■ **Task directions**: Where a line below contains "dirt", count it. Reply with the total only.

■ **Excerpted records**:

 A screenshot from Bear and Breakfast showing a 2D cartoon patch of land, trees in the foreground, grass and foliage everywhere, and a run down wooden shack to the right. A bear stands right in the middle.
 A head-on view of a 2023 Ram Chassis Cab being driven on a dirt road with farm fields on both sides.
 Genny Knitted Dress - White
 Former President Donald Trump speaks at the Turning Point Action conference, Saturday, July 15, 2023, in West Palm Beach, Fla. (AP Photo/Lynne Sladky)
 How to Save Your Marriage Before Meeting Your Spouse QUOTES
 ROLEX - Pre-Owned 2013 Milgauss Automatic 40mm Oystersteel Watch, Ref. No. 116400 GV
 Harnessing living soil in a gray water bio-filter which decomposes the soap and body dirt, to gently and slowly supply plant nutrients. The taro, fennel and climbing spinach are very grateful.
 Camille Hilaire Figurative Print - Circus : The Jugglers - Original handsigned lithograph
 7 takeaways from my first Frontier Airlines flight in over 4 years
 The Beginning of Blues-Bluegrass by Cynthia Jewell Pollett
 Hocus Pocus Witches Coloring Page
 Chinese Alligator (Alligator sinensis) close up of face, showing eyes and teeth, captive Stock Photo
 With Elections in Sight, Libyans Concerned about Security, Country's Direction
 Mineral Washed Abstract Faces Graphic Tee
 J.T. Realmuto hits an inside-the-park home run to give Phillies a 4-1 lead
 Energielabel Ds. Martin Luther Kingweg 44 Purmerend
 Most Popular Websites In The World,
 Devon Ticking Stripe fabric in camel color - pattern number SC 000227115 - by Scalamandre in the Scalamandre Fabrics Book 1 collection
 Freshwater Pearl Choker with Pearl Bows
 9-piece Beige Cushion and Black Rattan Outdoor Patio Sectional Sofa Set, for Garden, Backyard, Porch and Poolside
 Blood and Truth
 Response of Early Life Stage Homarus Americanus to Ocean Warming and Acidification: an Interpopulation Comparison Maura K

■ **Answer to the exercise**: 2